Embeddings after 2020

I have covered the basics of Word Embeddings in Word Embeddings to Sentence Embeddings, but what are some new ideas in the general field of embeddings in the last 5 years?

Matryoshka Representation Learning (2022)

Question: Can we have a representation that can adapt to multiple downstream tasks with varying levels of computational resources?

Introduced in [@kusupatiMatryoshkaRepresentationLearning2024], Matryoshka Representation Learning encodes information at different scales. Matryoshka dolls are russian dolls which nest within each other.

Pasted image 20251018153755.png

When training, the authors explicitly optimize lower dimensional vectors within the same high dimensional vectors, thus you get the name Matryoshka.

Pasted image 20251018154617.png
(Image taken from [@kusupatiMatryoshkaRepresentationLearning2024])
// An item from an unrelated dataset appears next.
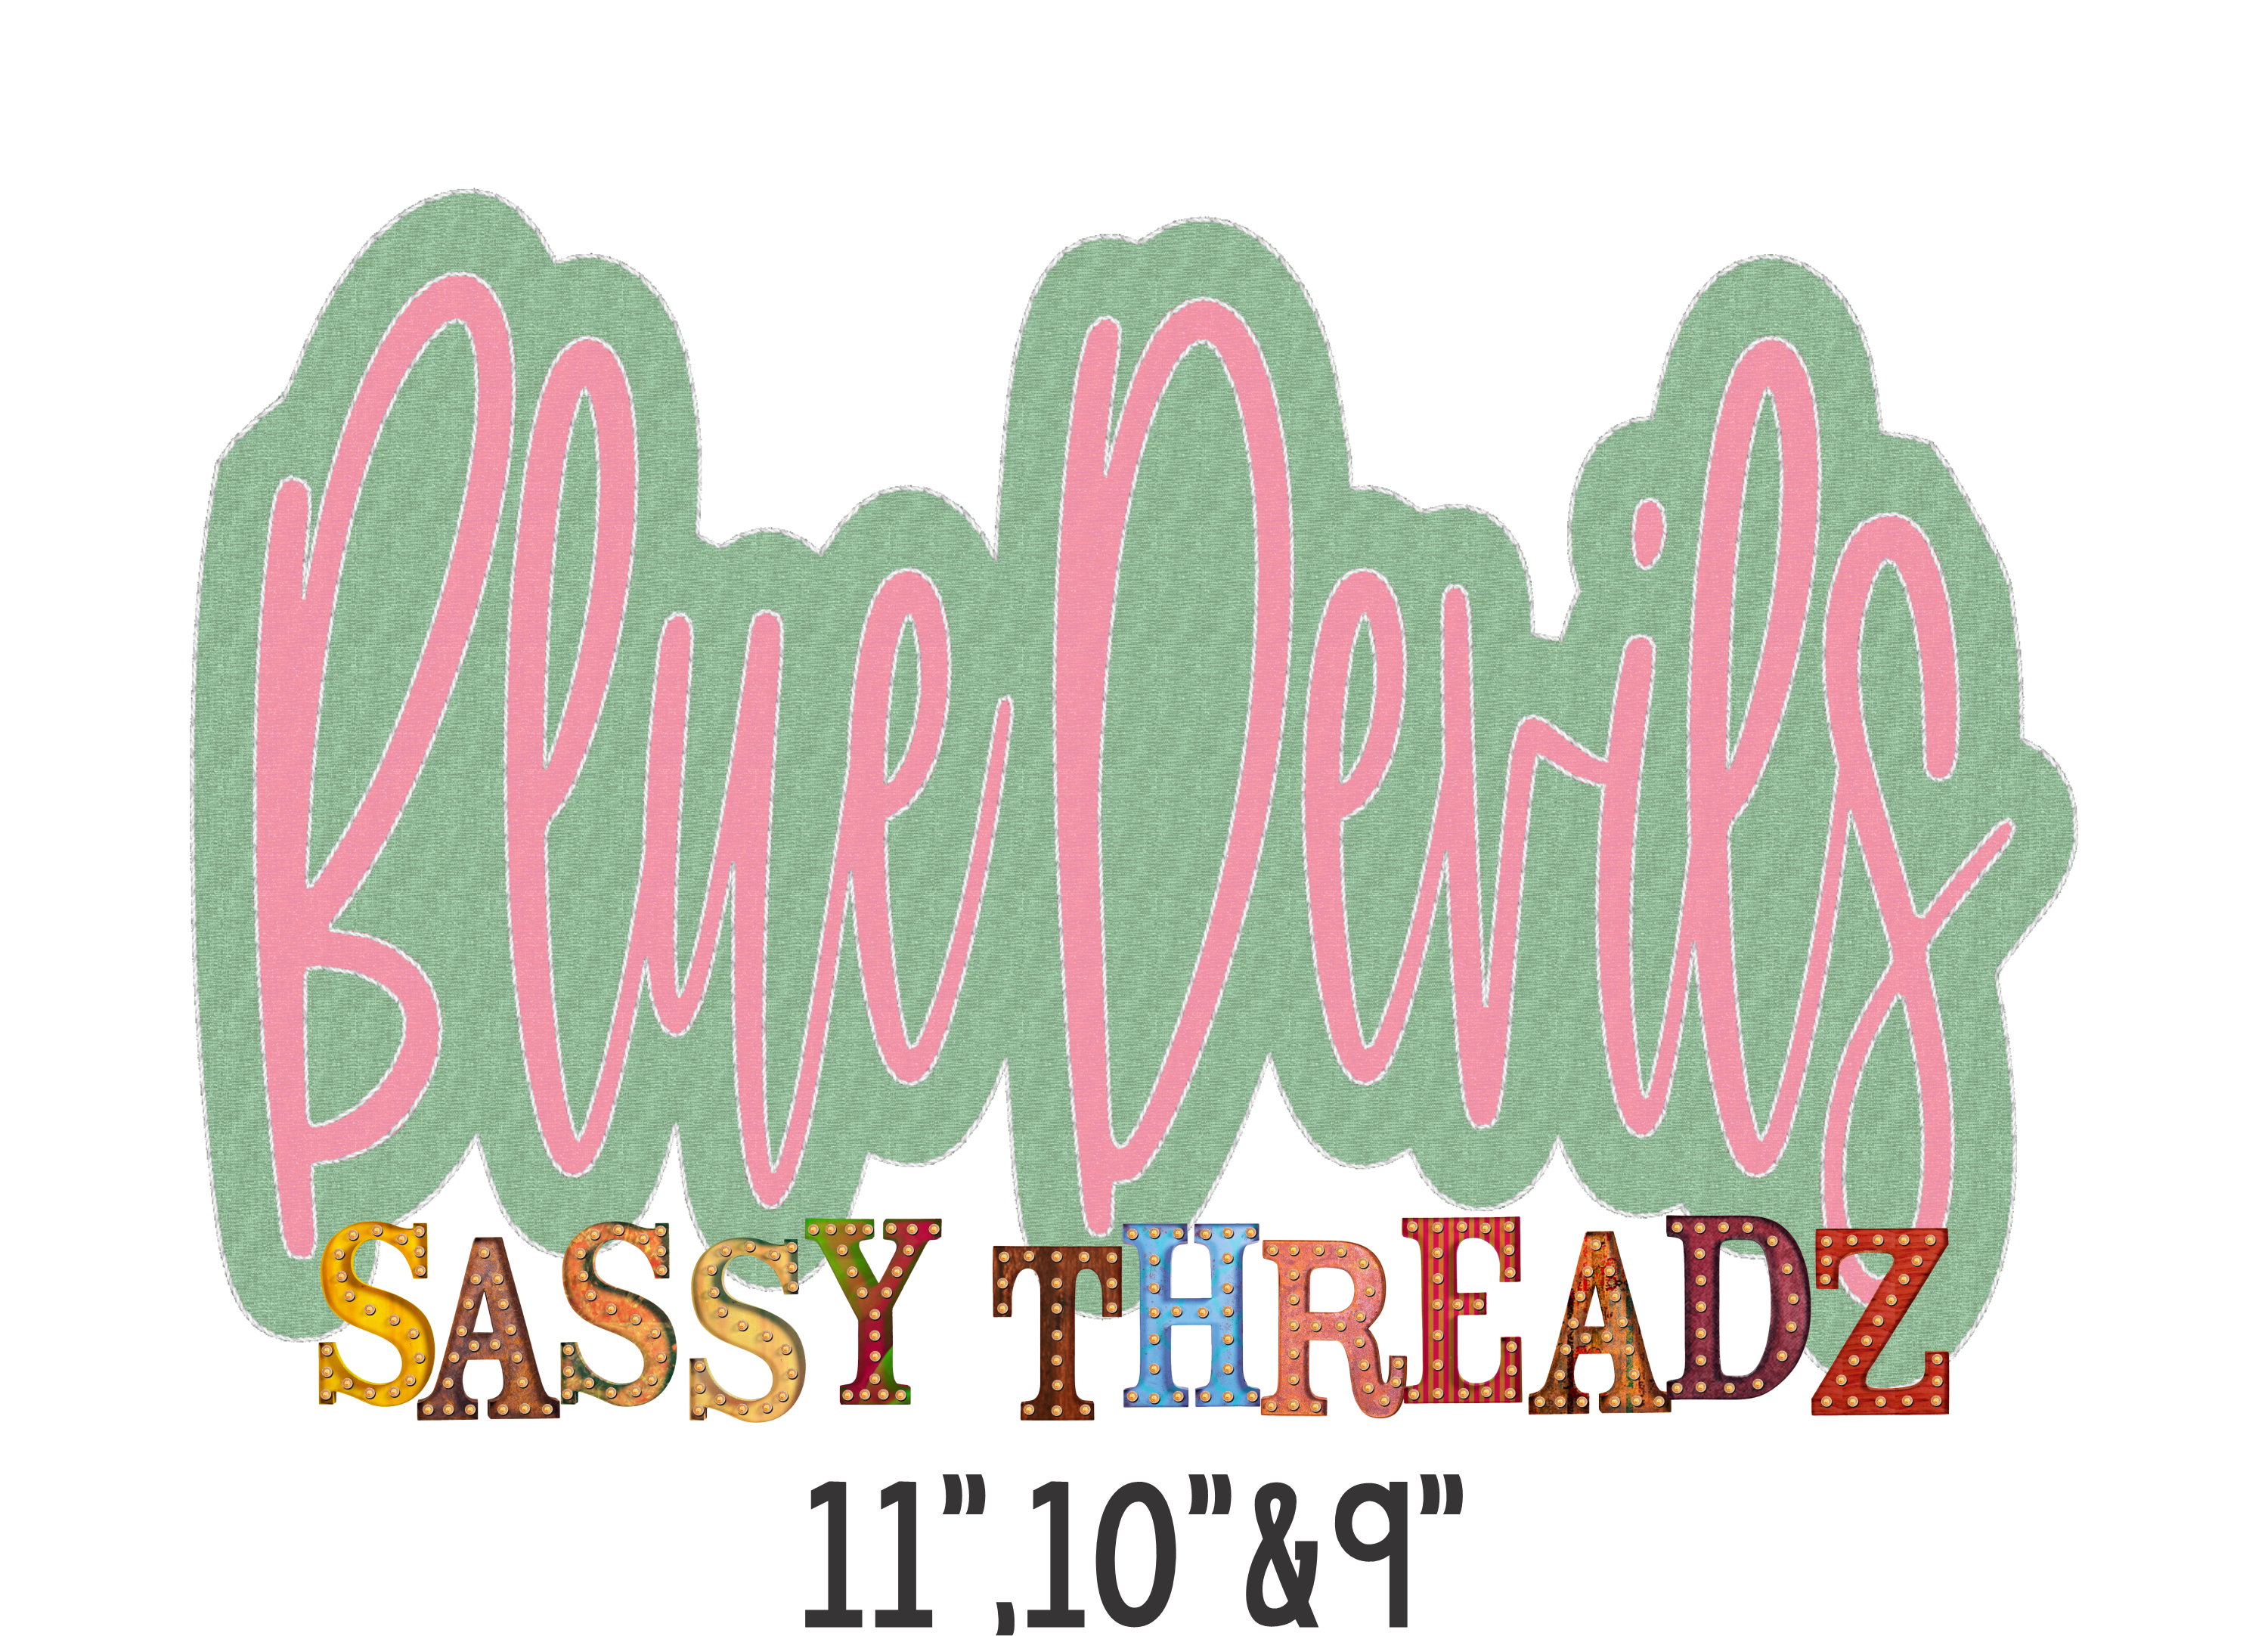 Blue Devils Double Stacked Script Embroidery Download

This cascaded representation could be used in applications like Classfication and Retrieval. For example, in Retrieval, we could first retrieve with the smallest embedding and then increase in size till we get our desired set of results.

The training objective is as follows

Calculate the softmax cross entropy loss for a linear classifier based on the given embedding size
Do a weighted sum of that for all the linear classifiers with each of them having a different embedding size.
Average the loss across the whole dataset.

That is the loss, the authors are trying to minimize.

The authors have found that it is best to give a uniform importance scale. They also found that the representations actually interpolate across sizes, despite training for fixed embedding sizes.

References

[1]

A. Kusupati et al., “Matryoshka Representation Learning,” Feb. 08, 2024, arXiv: arXiv:2205.13147. doi: 10.48550/arXiv.2205.13147.